Policiais avançam contra manifestantes em SP – Taba Benedicto/Agência O Dia/Estadão Conteúdo

 

Se eu fosse antropólogo, estudaria um fenômeno curioso e obscuro: por que muitos brasileiros que viajam ao exterior são tolerantes com conflitos sociais no estrangeiro e intolerantes aqui?

Mais pontualmente, por que encaram ou aparentam encarar as greves de lá como episódios do cotidiano democrático e as do Brasil como aberração extremista?

É frustrante ir ao Louvre e dar com a cara na porta, em mais uma paralisação dos funcionários do museu parisiense. Mas ninguém, ou quase, corre às redes (antis)sociais para insultar os trabalhadores franceses. Não os achincalham como vagabundos.

Ao contrário do que se observa nas nossas bandas neste 28 de abril de xingamentos cabeludos.

Não faltam motivos para irritação em viagem.
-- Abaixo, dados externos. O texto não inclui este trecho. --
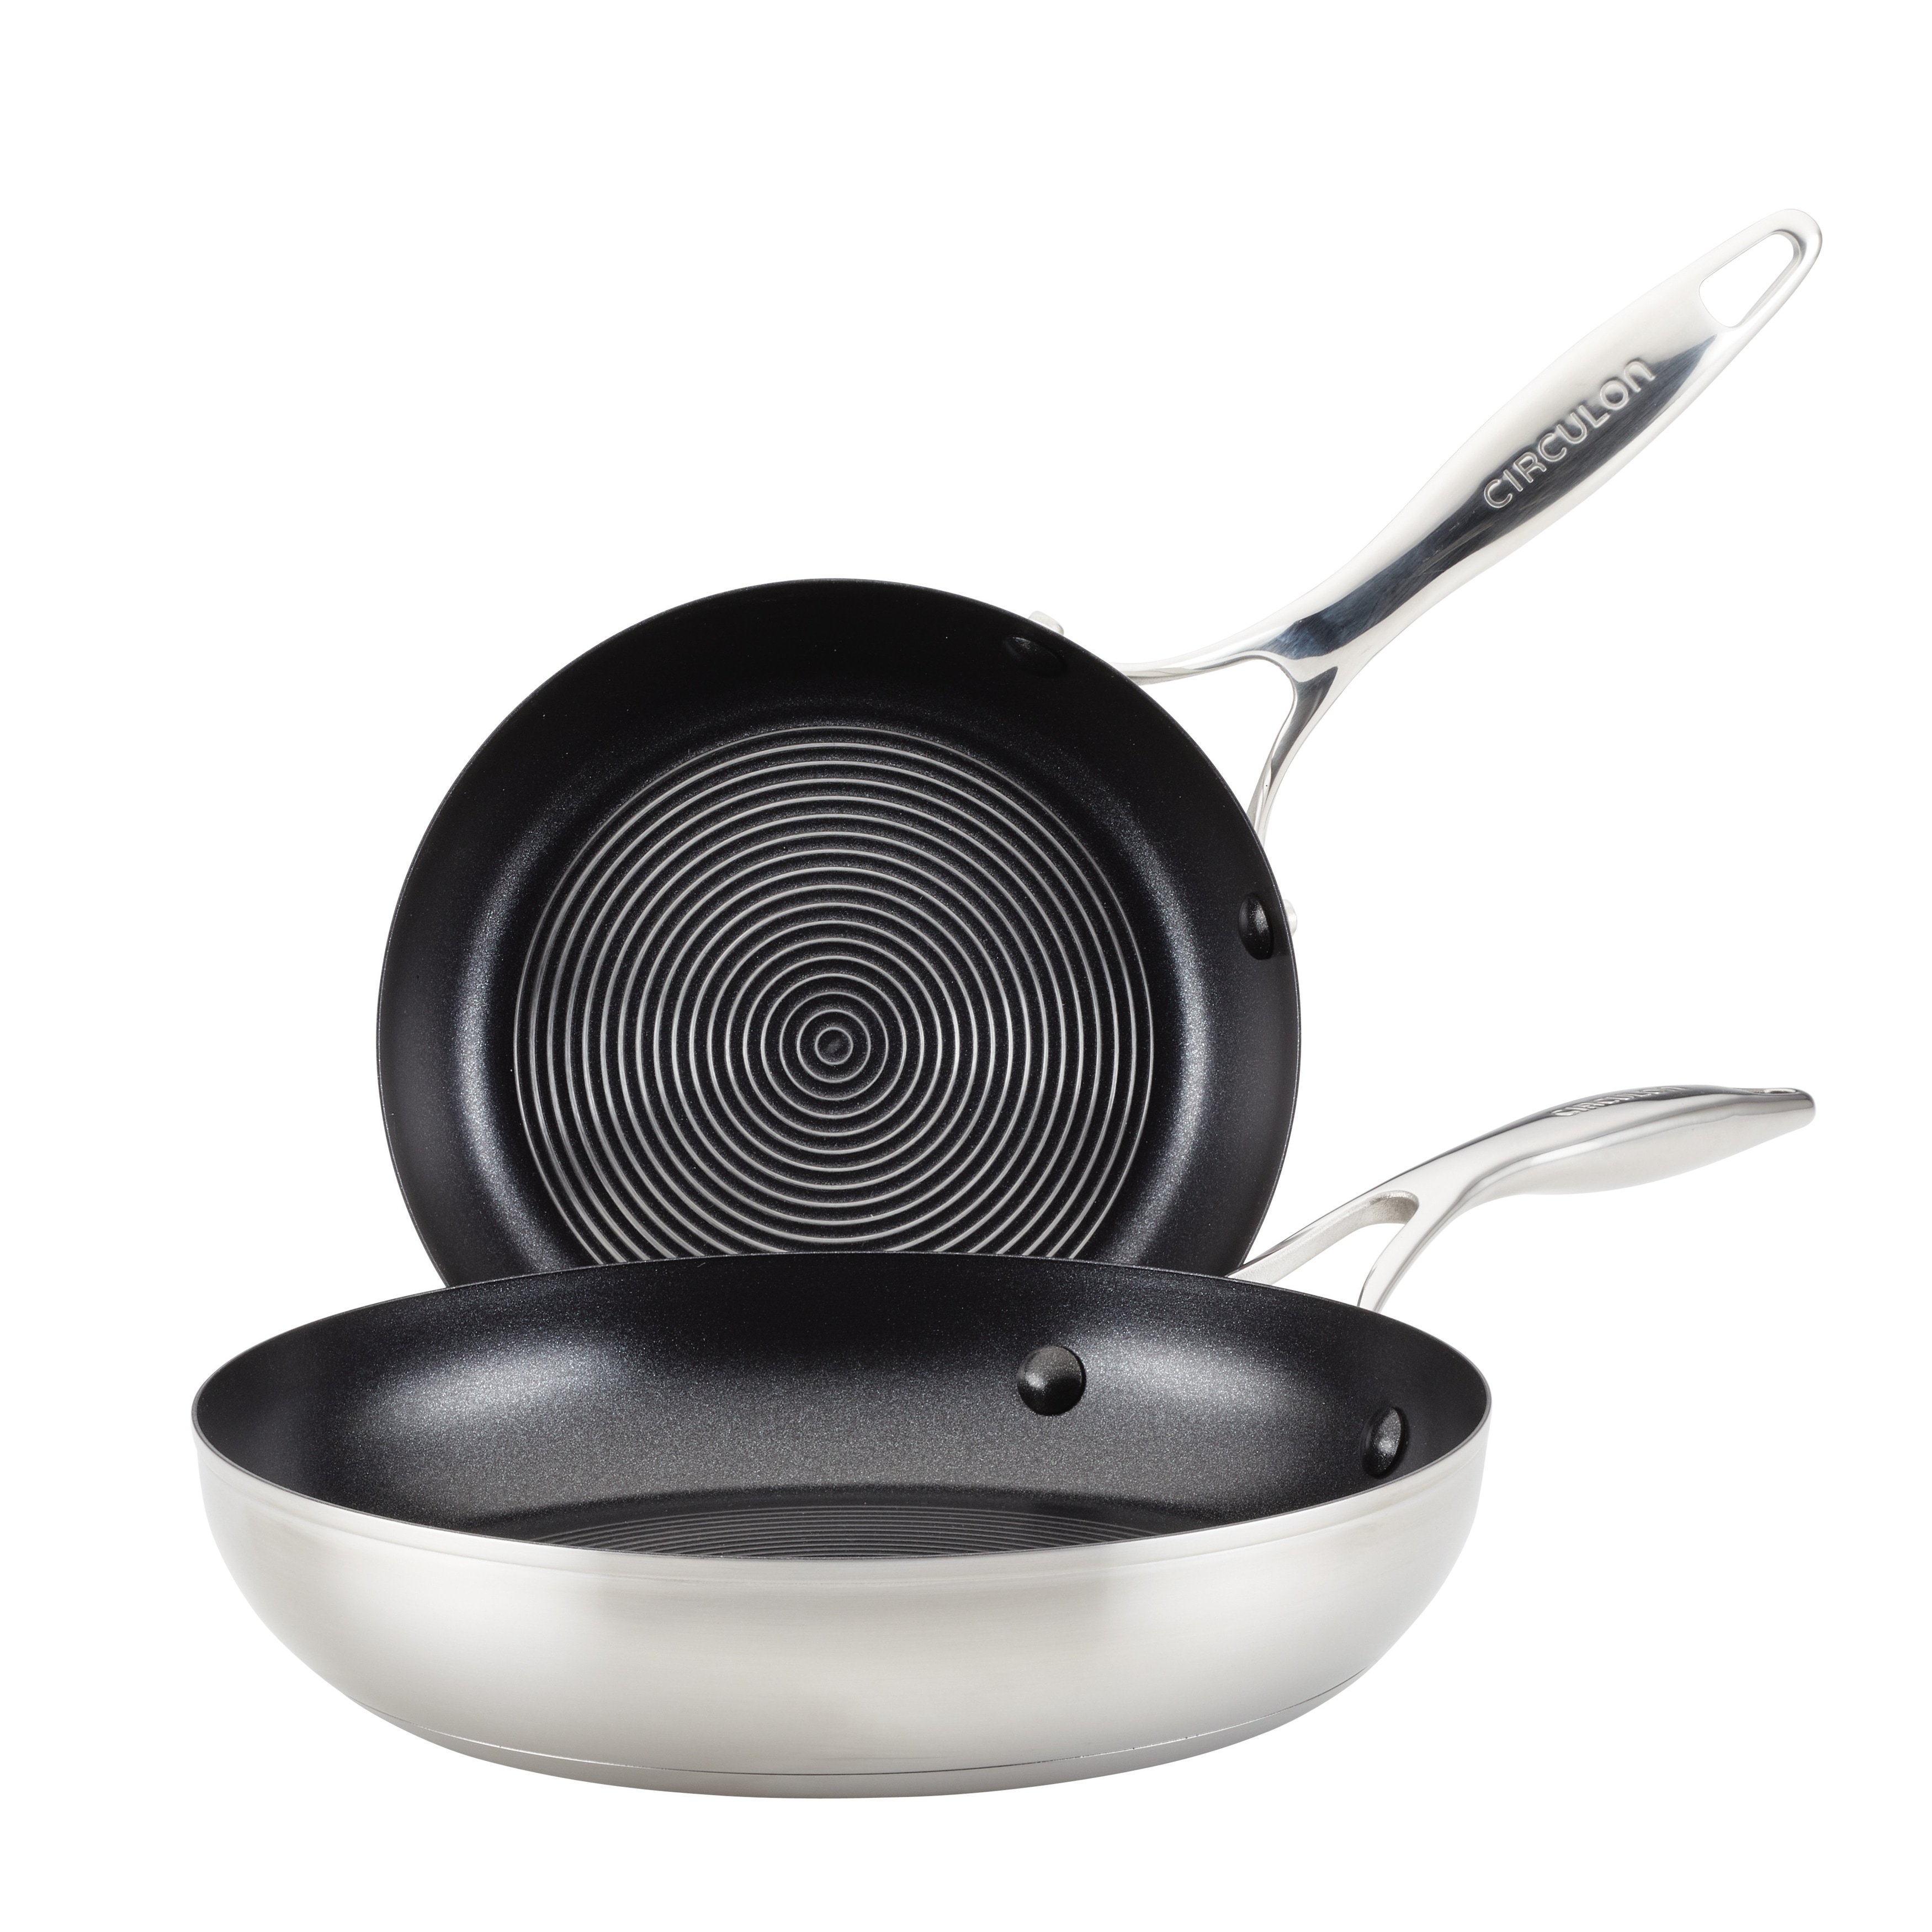 3-Quart Stainless Steel and Hybrid Nonstick Saute Pan with Lid

Suponhamos que uma família se hospede em San Sebastián e planeje o passeio de um ou dois dias em Biarritz. Vai de trem. Entre as duas cidades bascas finca-se a fronteira Espanha-França. Naquela manhã, os ferroviários franceses acabam de começar uma greve. Como gostam de fazer greve os ferroviários franceses! Passeio interrompido, no meio do caminho. Mas não se assiste a surto de ódio.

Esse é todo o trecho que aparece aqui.